### Data excerpt
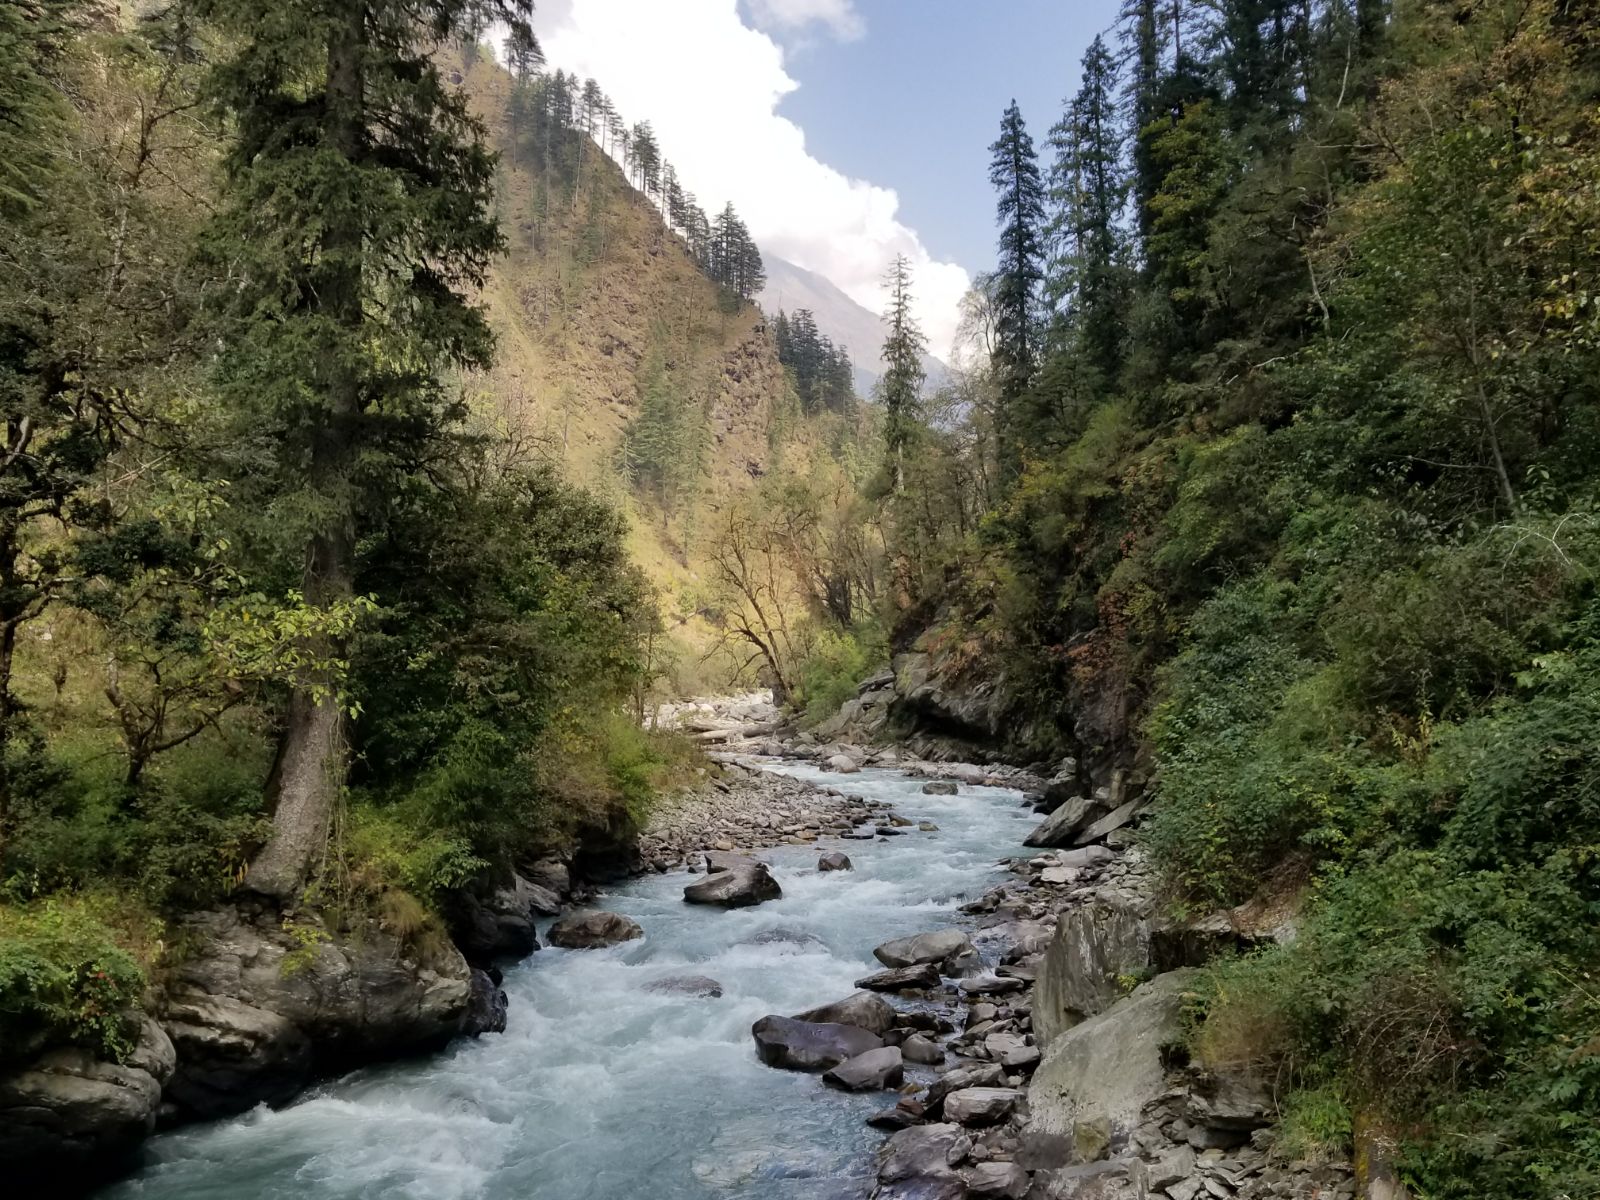 Hiking through lush forests along the Supin river - Himalayan Institute
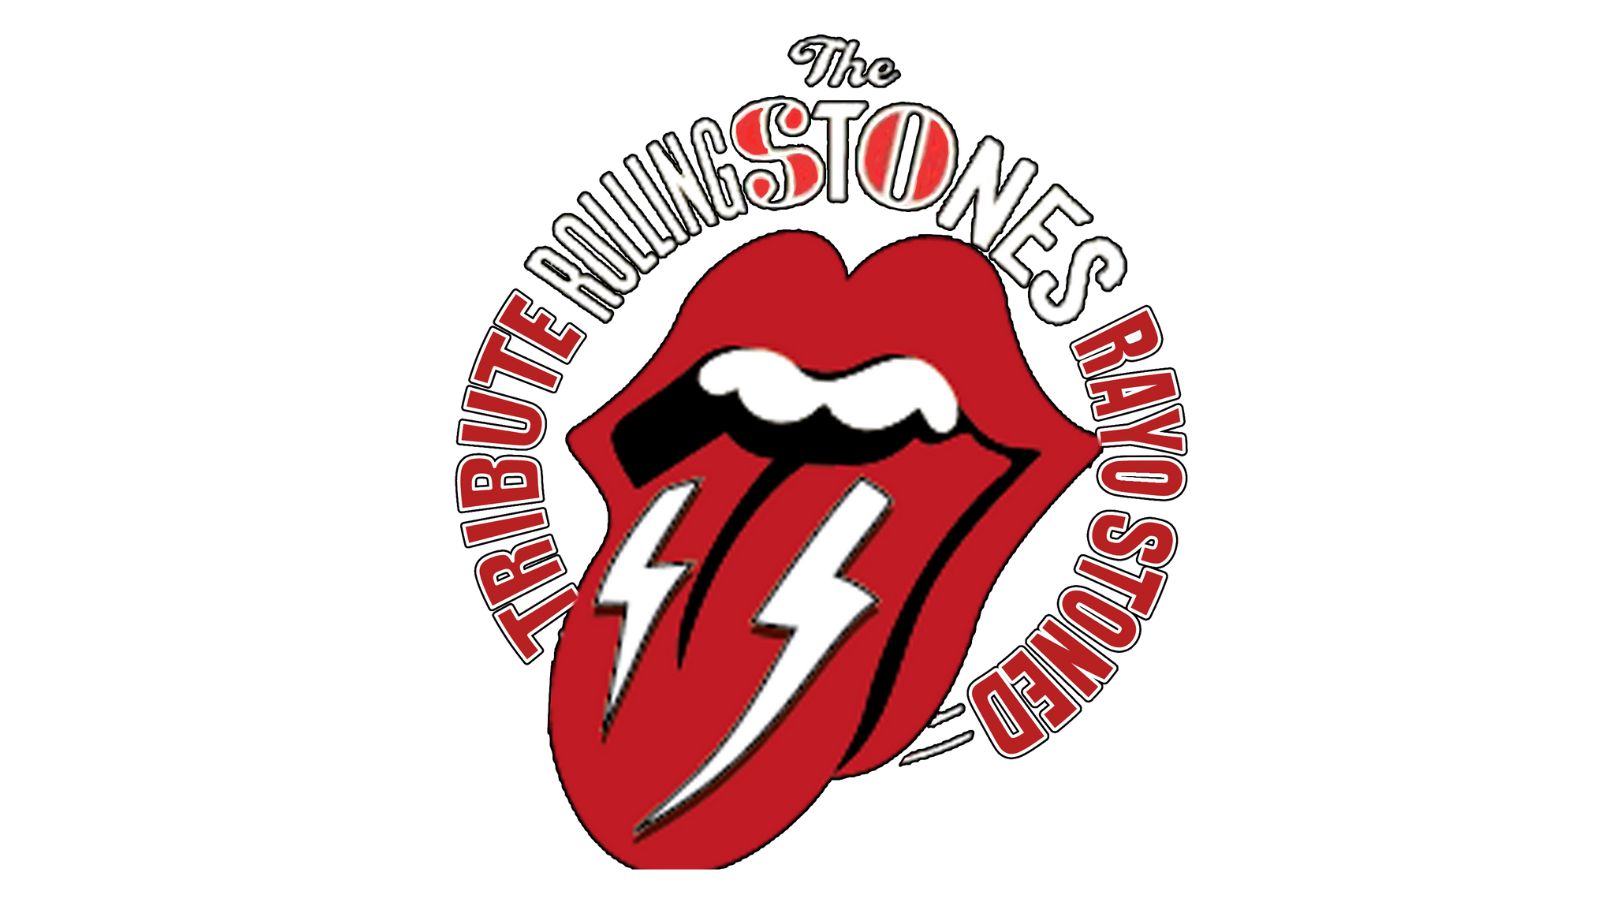 Rayo Stoned . Tributo a los Rolling Stones
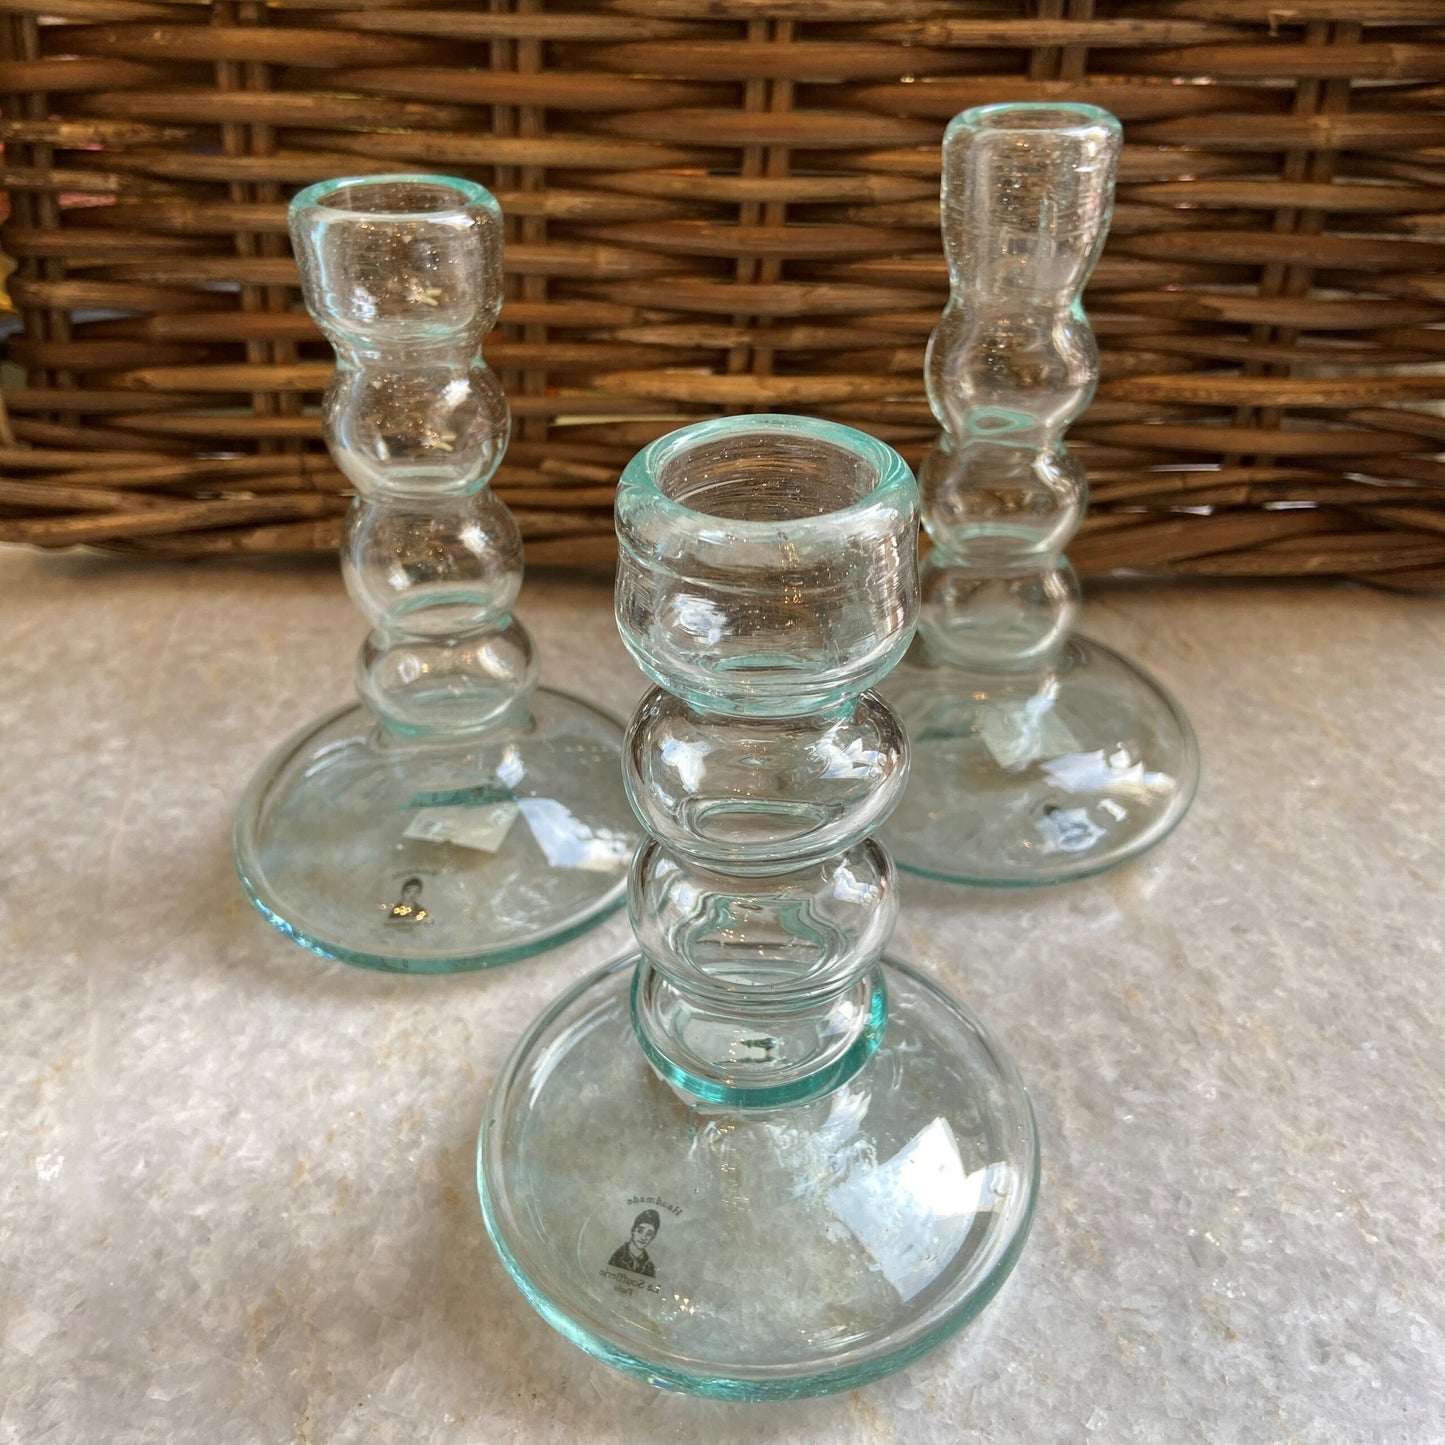 French Bougeoir Bulles Glass Candlestick

### What you need to do
Print exactly, and only, the lines from the line containing "Rayo Stoned . Tributo a los Rolling Stones" to the last line of the material above, with every picture left out.

### Result for this task
 Rayo Stoned . Tributo a los Rolling Stones
 French Bougeoir Bulles Glass Candlestick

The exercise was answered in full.